## Supplied data:
+++++

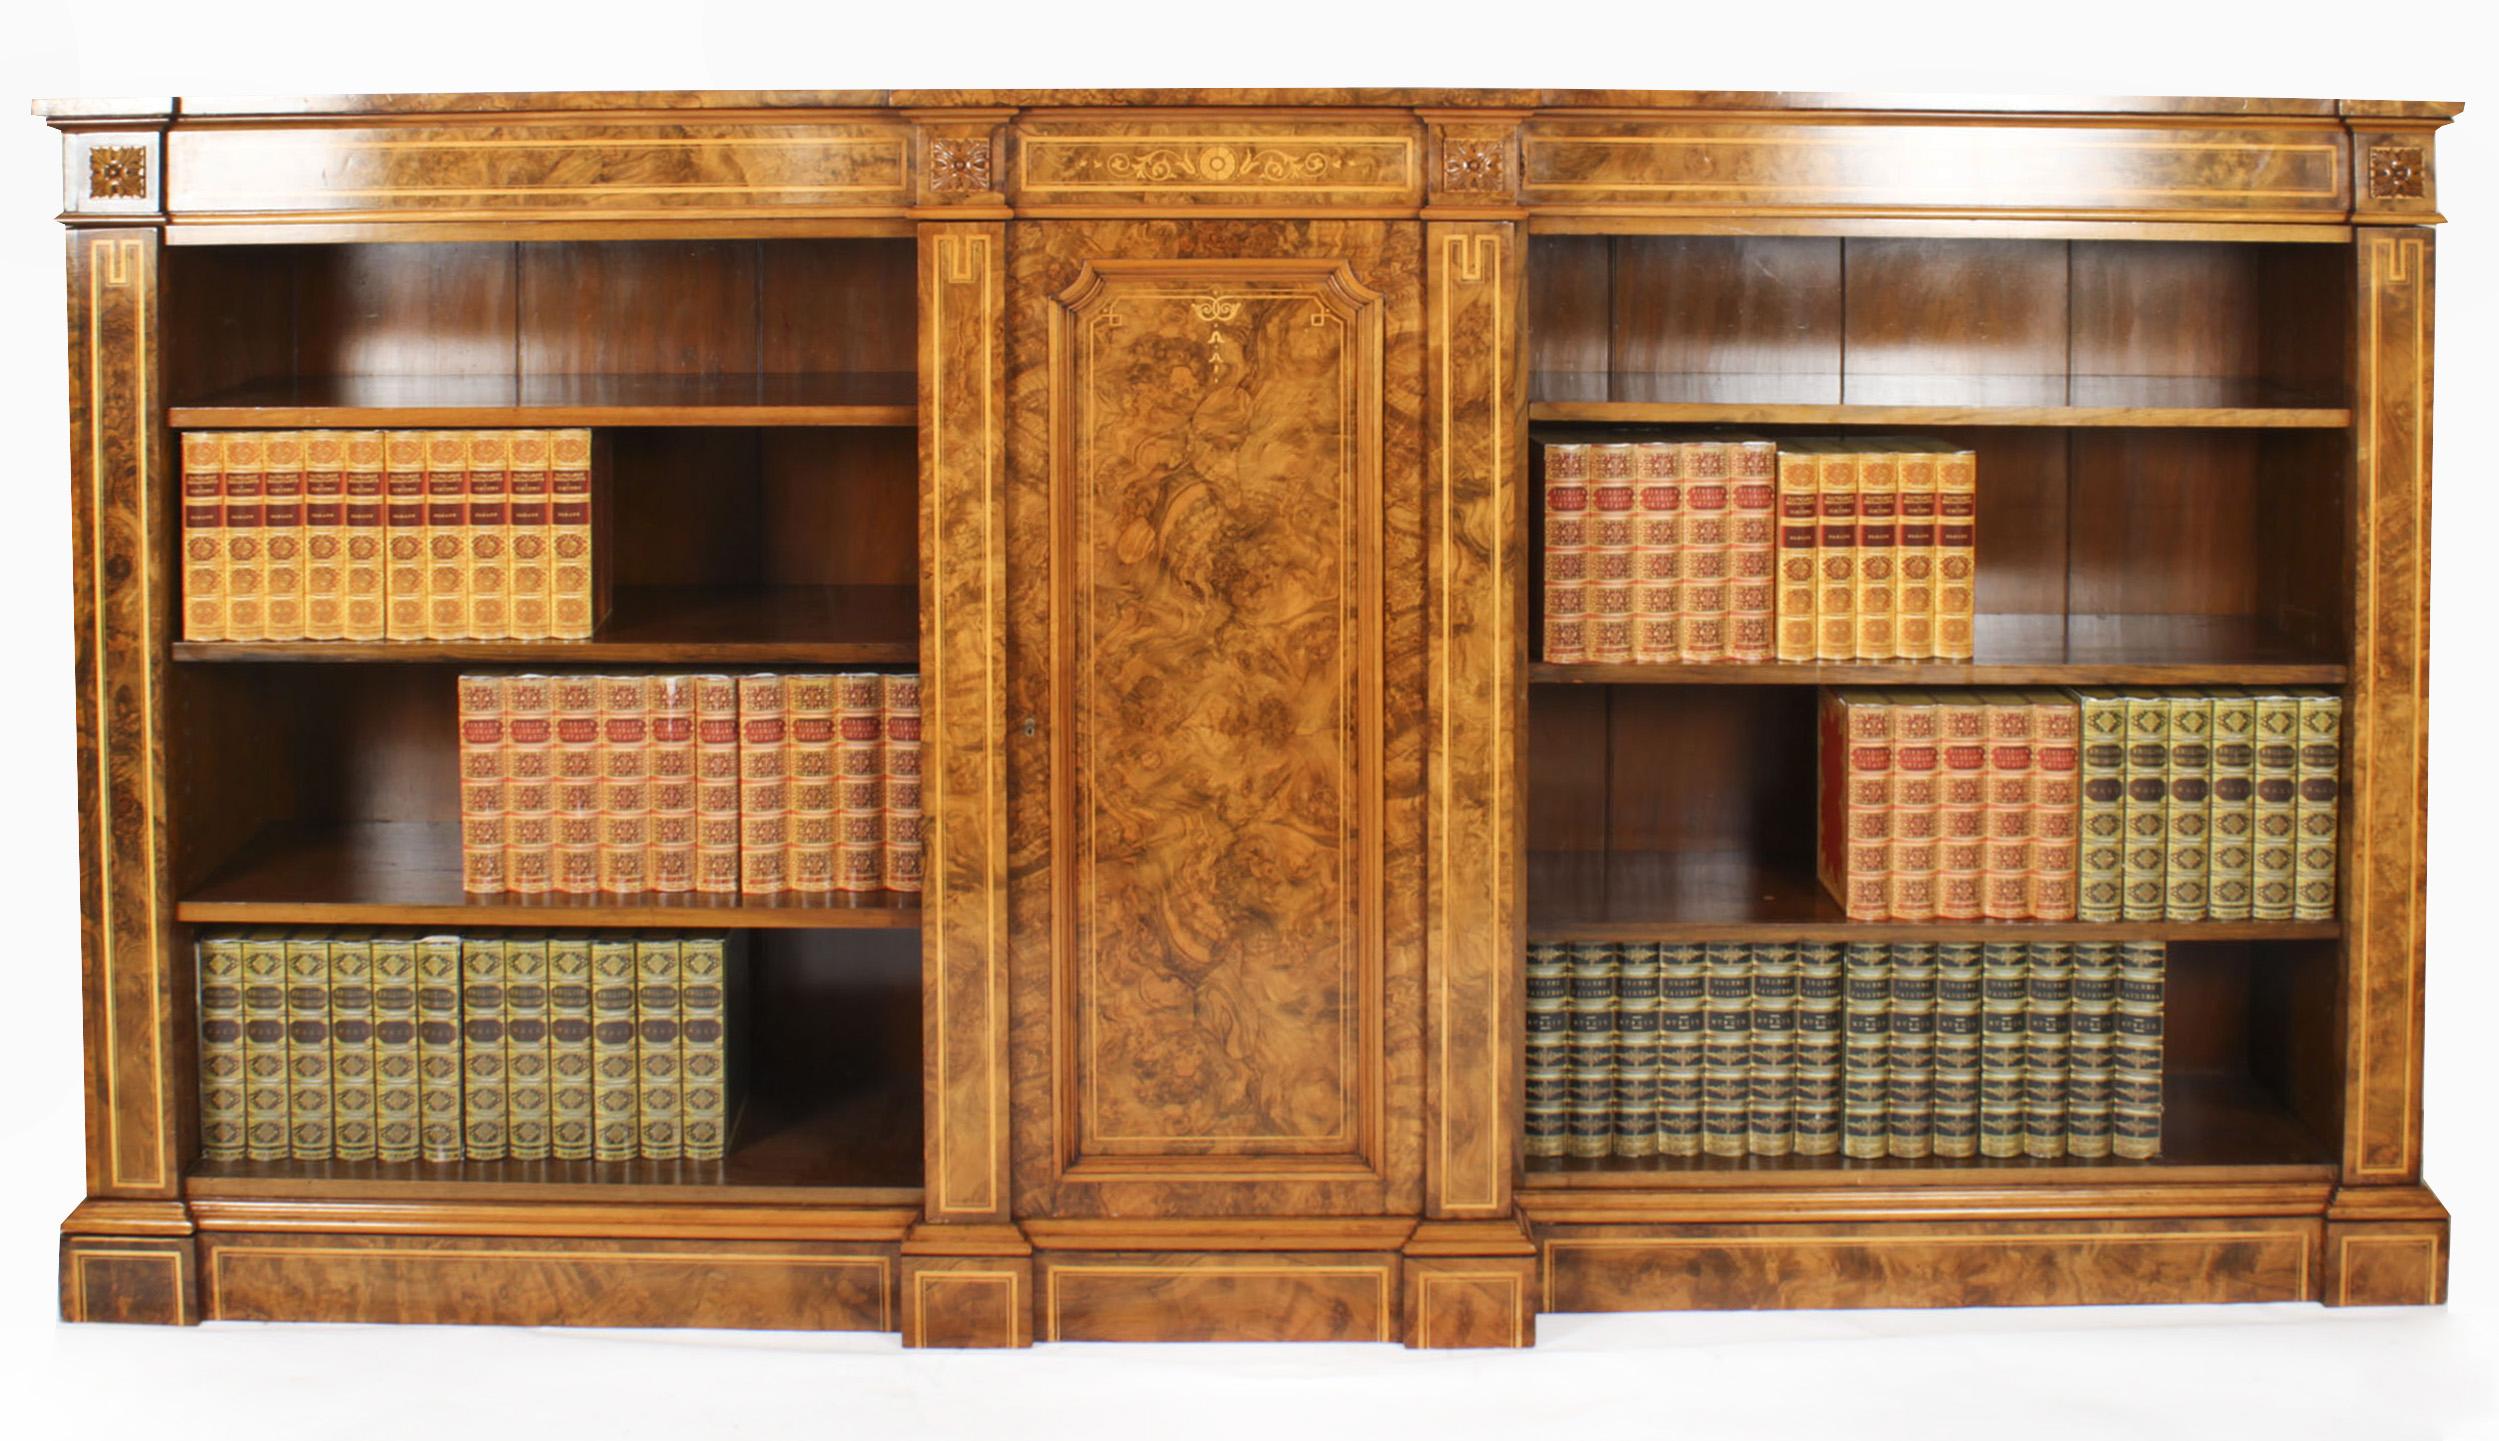 Il s'agit d'une superbe bibliothèque ouverte victorienne ancienne en ronce de noyer et marqueterie, datant d'environ 1860.
 
La bibliothèque présente de magnifiques bandes transversales en bois satiné et quatre plaques d'anthemion sculptées. La
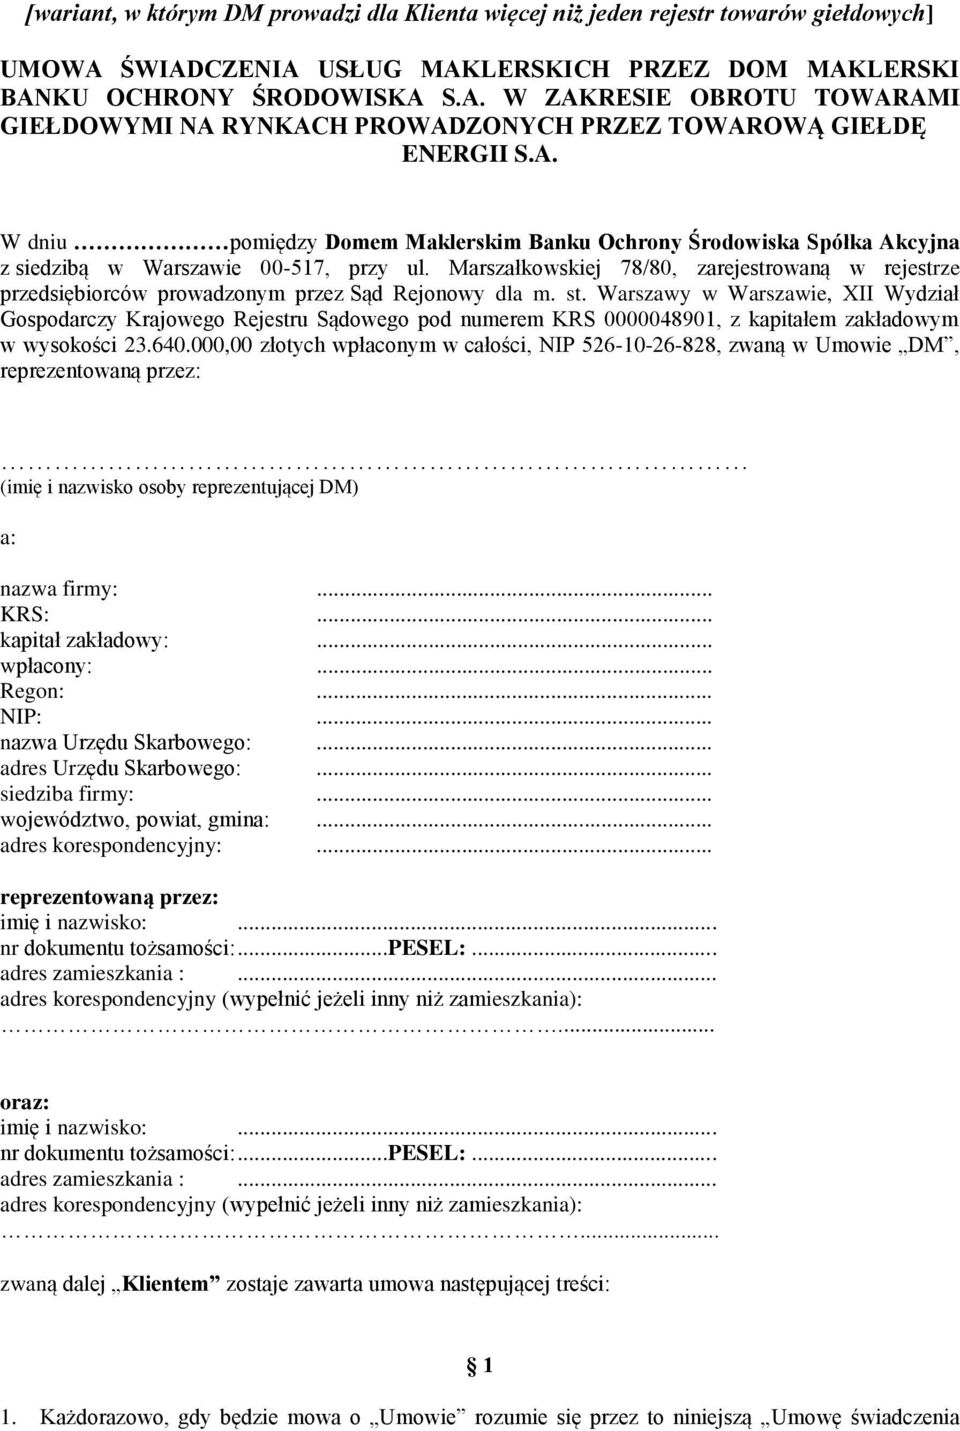 Marszałkowskiej 78/80, zarejestrowaną w rejestrze przedsiębiorców prowadzonym przez Sąd Rejonowy dla m. st.

+++++

## Task instructions:
Output the whole listing without change. Any picture is to be left out.

## Written response:
 Il s'agit d'une superbe bibliothèque ouverte victorienne ancienne en ronce de noyer et marqueterie, datant d'environ 1860.
 
La bibliothèque présente de magnifiques bandes transversales en bois satiné et quatre plaques d'anthemion sculptées. La
 Marszałkowskiej 78/80, zarejestrowaną w rejestrze przedsiębiorców prowadzonym przez Sąd Rejonowy dla m. st.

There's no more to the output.